I haven’t checked in on the news for a while. There is too great a chance I’ll get accidental exposure to a Republican face, voice, or talking point, and I’ll have to pay for it with hours of insomnia. And I peek in on the Democrats the way you edge the door open to your kid’s room—you don’t want to wake them up, but you need to see if they’re still breathing.

And that is how I learned that, scraping the last frosting of hope out of the empty bowl, some talking heads are speculating that there might be some Republicans left with enough spine intact to put the brakes on some of the Trump team’s more heinous plans. You know—mass deportations of random brownish people, siccing the military on recalcitrant Americans, abolishing government departments we were still using, that sort of thing. It wouldn’t take many, they say. And then the names are reeled off. By the time we eliminate the Republicans who paid for their integrity with their jobs—your Cheneys, your Flakes—we’re left with the sometimes-reliable Romney, Collins, and Murkowski.

Senators Collins and Murkowski represent states where people wear scratchy woolens, shoot their own meat, and cut loose with the Woodsman’s Blow, and such folk seem to be able to maintain an ethical position without hiding in the closet.

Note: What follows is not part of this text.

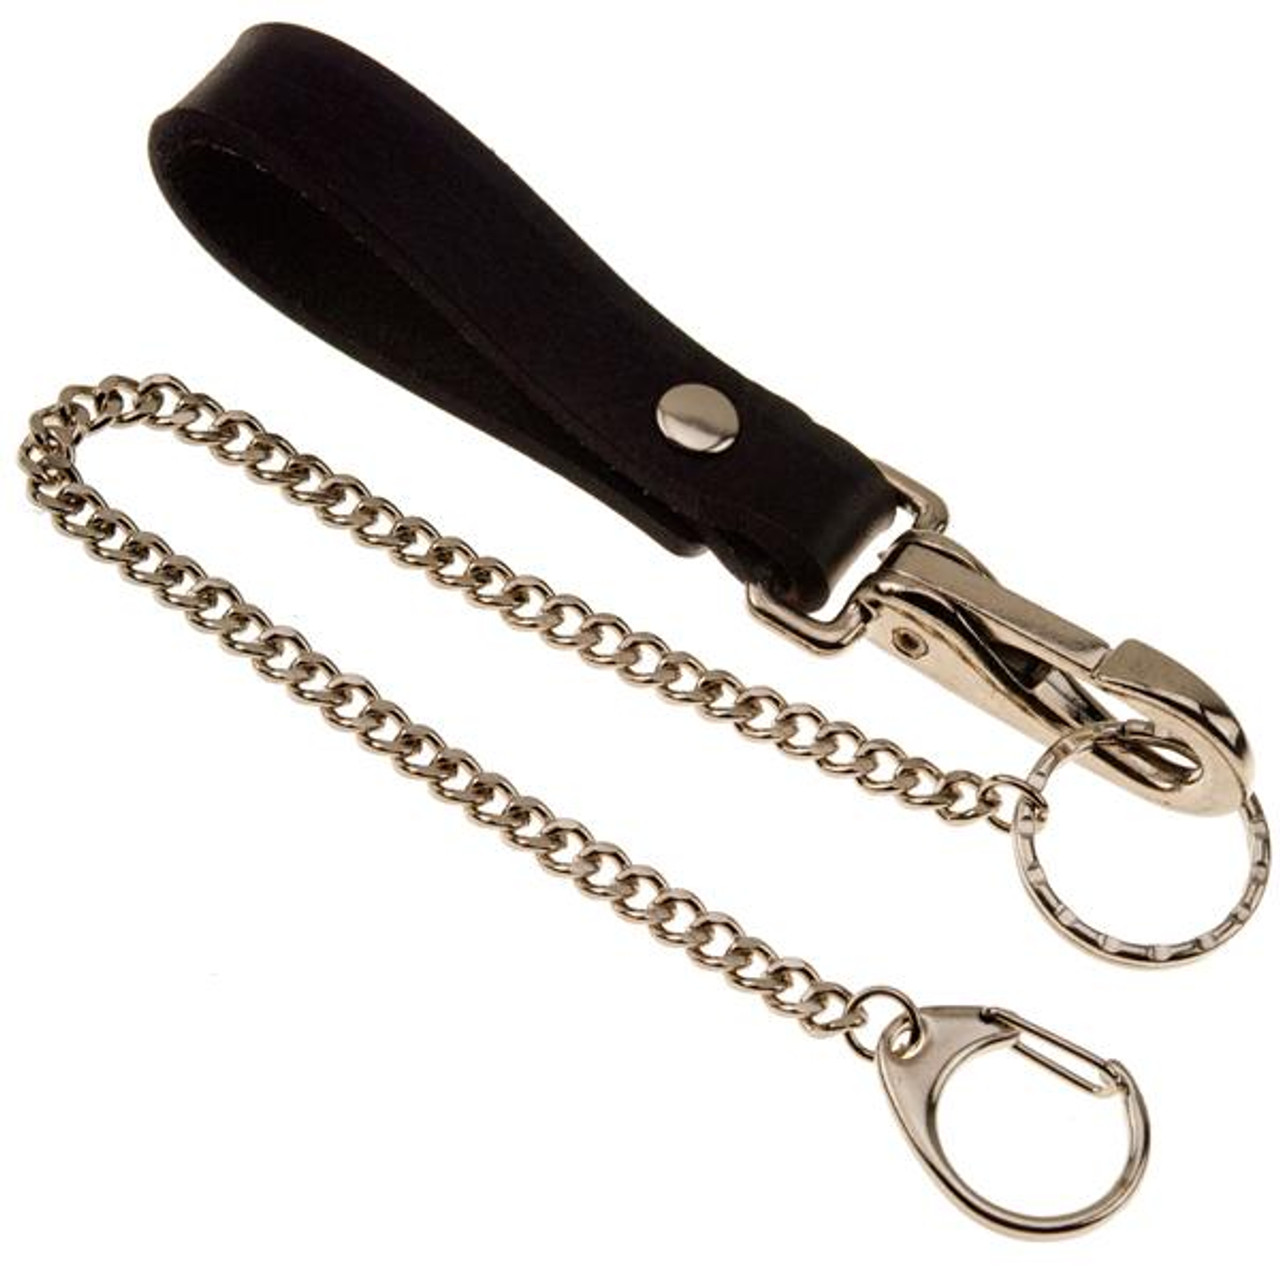  leather belt keepers for duty belt with solid brass  buckle,leather belt lookp keychain key holder for men and women (Coffee) :  Handmade Products

But Mitch McConnell gets a mention in there too, because he has openly expressed his contempt of Trump and associated psychopaths sycophants.

Oh, Dems. I love you so! So full of belief in the essential goodness of humanity, so hopeful that good will prevail over evil! What a bunch of lovable saps you are! I did it too. I remember trying to salvage some remnant of my sanity in the very early days of TrumpSwamp One. I watched him being welcomed to the White House by Obama and saw the overwhelmed, frightened look in his eyes, as sheer bluster met stark reality, and I suggested—right here in this space, in digital print—that maybe he would have a Nixon Goes To China moment. That maybe he would become privy to the horrifying implications of global warming and decide to achieve fame and glory by doing the politically wrenching job of tackling it. He’d be the one Republican willing to move into the future. He’d be a hero in his own mind, and, parenthetically, also in the minds of future generations.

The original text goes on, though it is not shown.